What does all these says about Apple? It has the competency to implement a good XML structure for office document. I cannot help but use this to take a swipe at OOXML. While I can see why from a business point of view, participating in OOXML’s ECMA TC45 make sense, from a technical point of view, it tarnishes Apple’s reputation when one considered that it set on, deliberated and approve that lousily written OOXML in ECMA TC45. Also, since Apple is already brewing such a XML for its own document use, this further confirm my suspicion that Apple is there to ensure it can implement import/export filter only.
I do not blame it for not using OOXML or ODF as native format. If any, Numbers proved that both are inadequate for Apple’s need.
Now that I have a preliminary look at Apple’s own XML design for office document, what can I say about the debate on XML beauty pageant point of view? (1)Use of abbreviated tags, except of tags borrowed from HTML, should be discouraged.
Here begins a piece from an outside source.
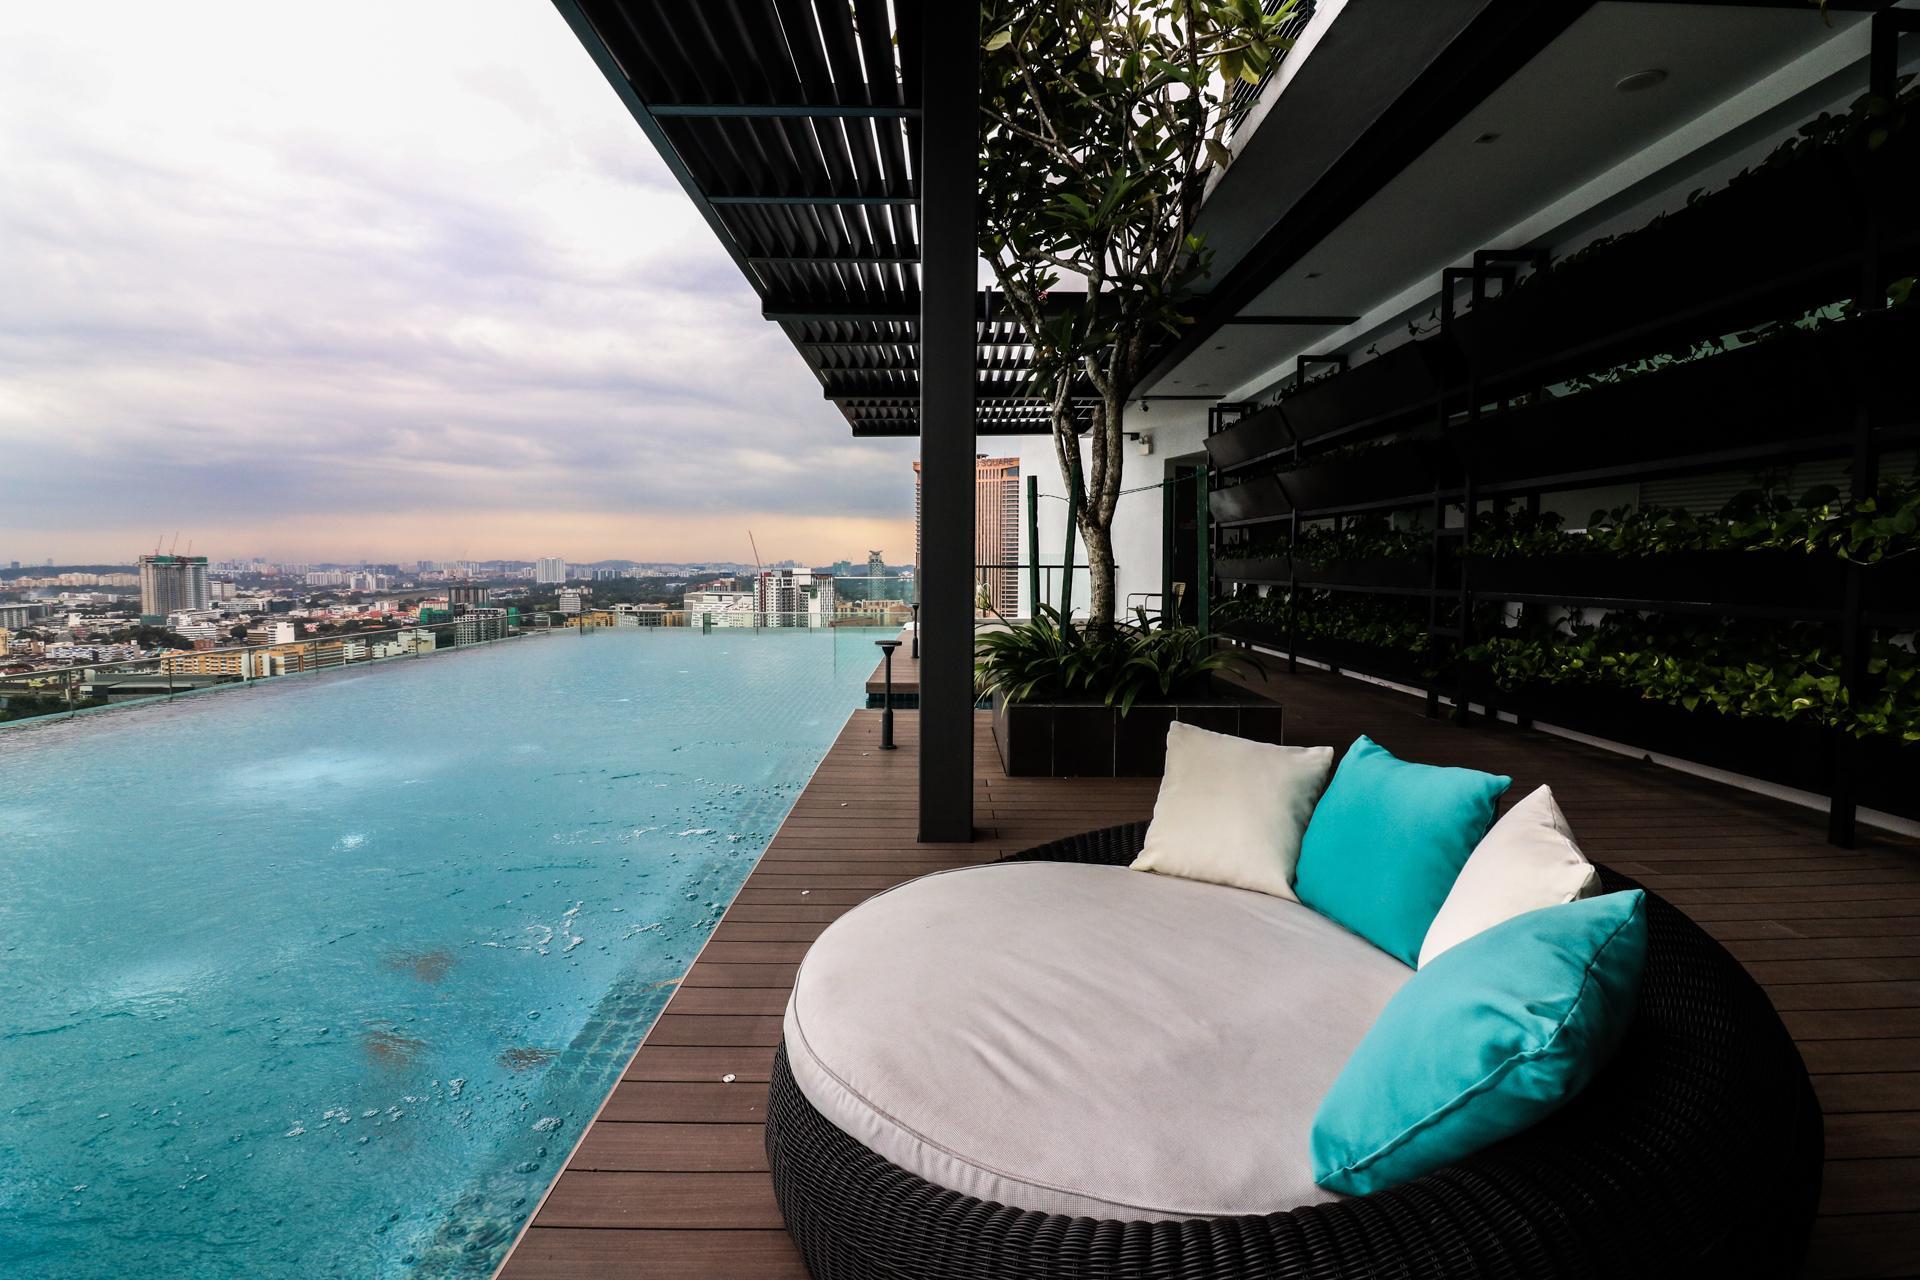 Victoria Home Bukit Bintang

Not only ODF did not think it is a good idea, Apple thinks so as well. Obviously, both ODF and Apple considered the speed argument proposed by OOXML and decided it is worth sacrificing; (2) The “run” tag concept in OOXML is not a good idea. If it were, Apple would had done it. Moreover, it smells like left-over from the binary file format era, and (3)please use human readable string in XML, no “98egs3gfe” but “STTextBox-109873″, even if you use a program to generate the XML which is intended for another machine to read. You never know when a human will eyeball it. Do you really think Apple thought that I will actually eyeball the XML?
One final note, on closer reading of iWorks website and documentation, it appears that iWorks can only read OOXML file but cannot write it. That’s a pity.